Eighty-nine percent to hundred percent clinical[8,18,20] and 86-97% radiographic success rates[8,18,19,20,21] for FS pulpotomies were reported. Differently from these studies, and lower clinical (67%)[22] and radiographic success rates (73%) have also been reported.[19] In this study, a 95.2% clinical and 85.7% radiographic success rate was observed in the FS group.

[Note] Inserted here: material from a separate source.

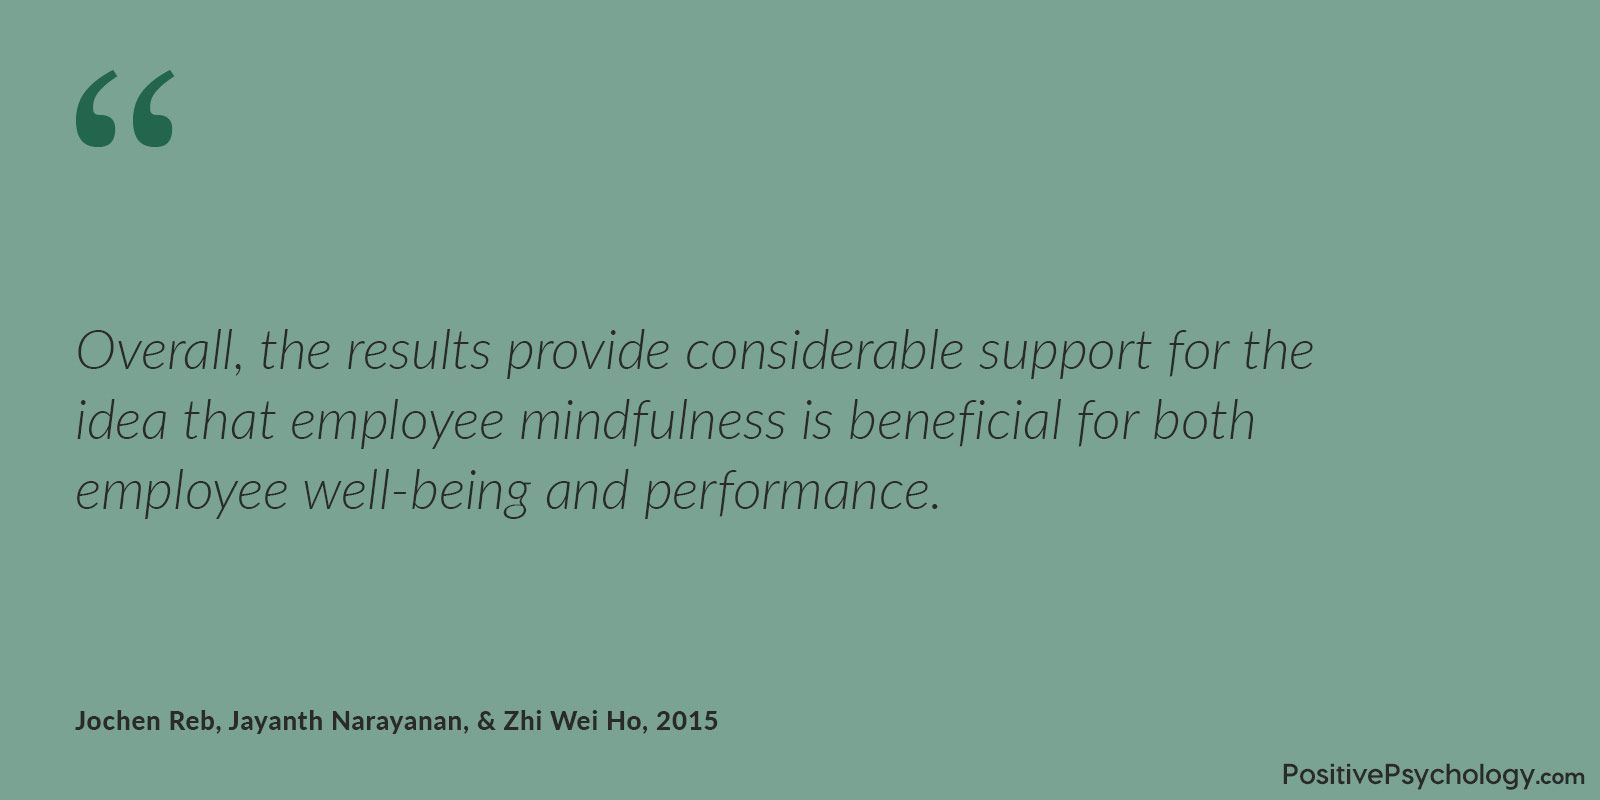 Employee mindfulness is beneficial
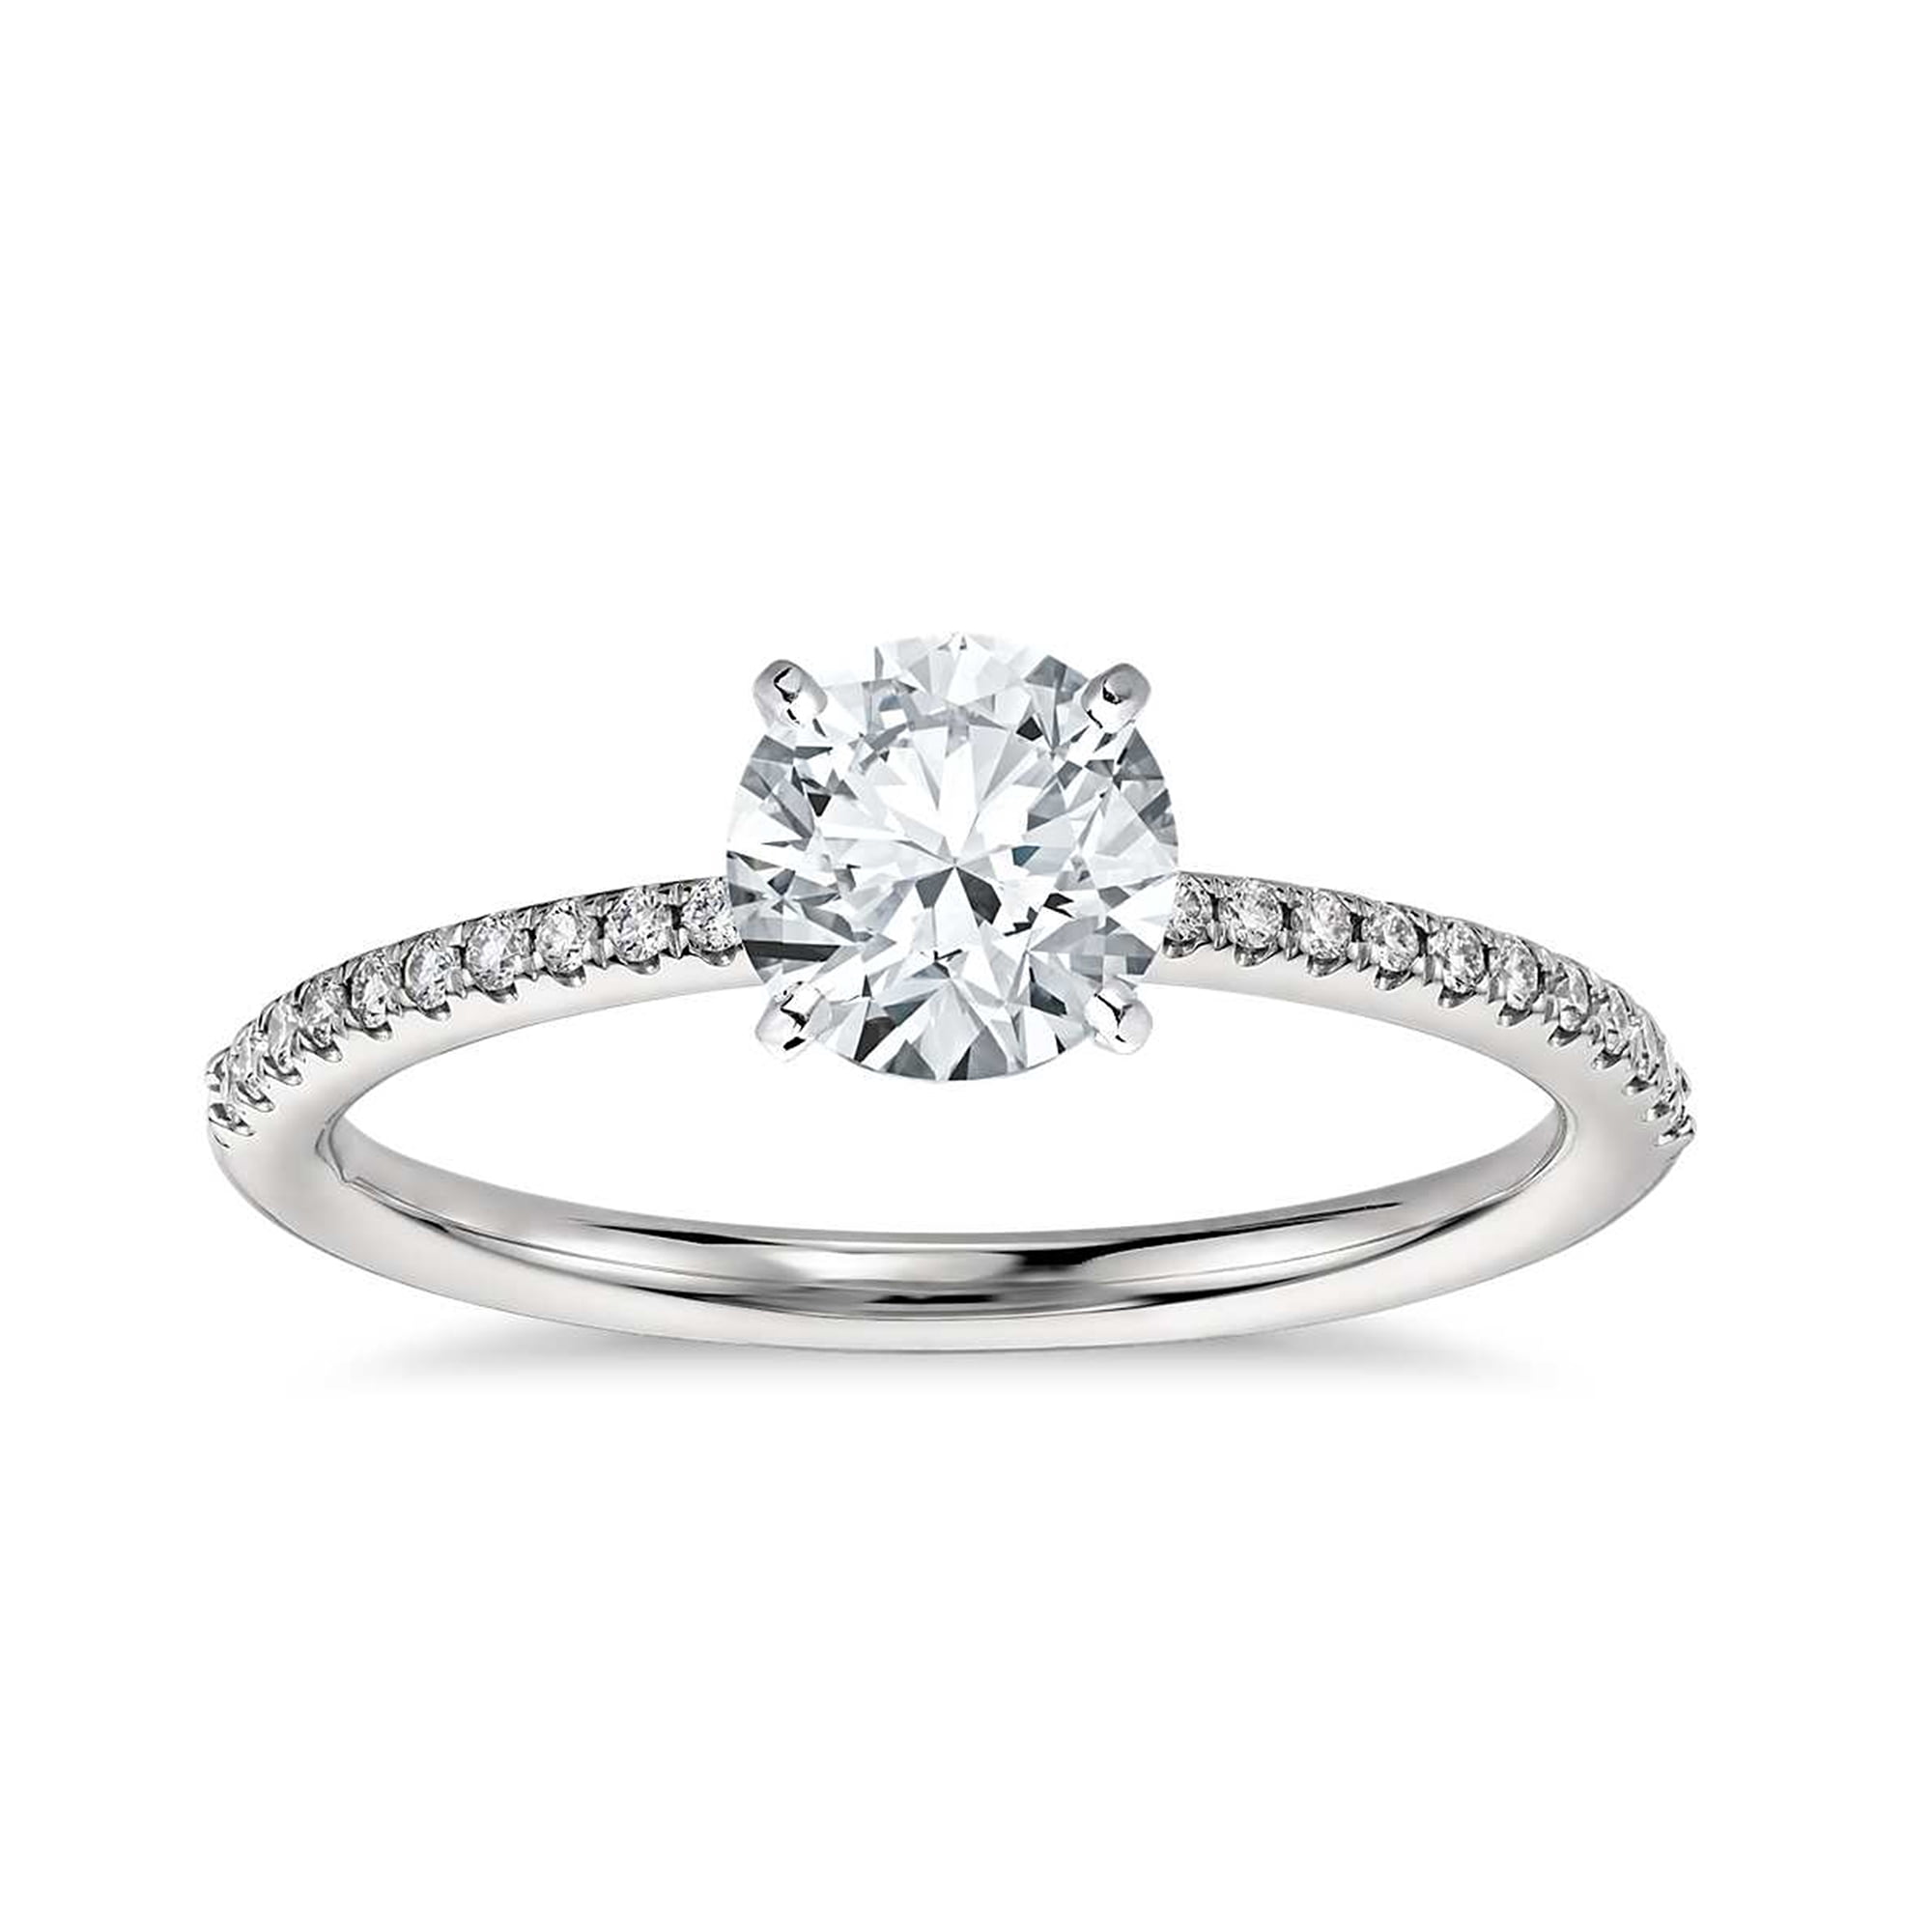 Solitaire Rings NEW Details about   3 Ct Round Solitaire Engagement Ring CZ Halo 925 Silver

In the studies about CH pulpotomy, Moretti et al. reported a 71% success rate at 12 months.[15] Markovic et al. reported an 82% clinical success rate at 18 months.[20] Huth et al. reported 87% success rate after 24 months.[8] Studies have reported 80-88% radiographic success rates in CH.[8,20,23,24] In this study, the clinical success rate in the CH group was 85% at 30 months, which is similar to Huth et al. results and 85% radiographic success rate was observed consistent with the studies reported earlier.

In the studies that assessed MTA as a pulpotomy agent, 94-100% clinical success rates were reported.[6,16,17,25] MTA was reported to be successful in some studies, showing 94-100% radiographic success rates.[15,17,25,26] In this study, a 96.4% clinical and radiographic success rate was observed in the MTA, similar to these reports. In contrast to these results, Sönmez et al. reported a 67% success rate.[19] The difference may be the restoration technique. A wet cotton pellet was placed over the MTA for a day, and then the final restoration was performed.[19] In this study, the MTA pulpotomy was performed according to the manufacturer's recommendation.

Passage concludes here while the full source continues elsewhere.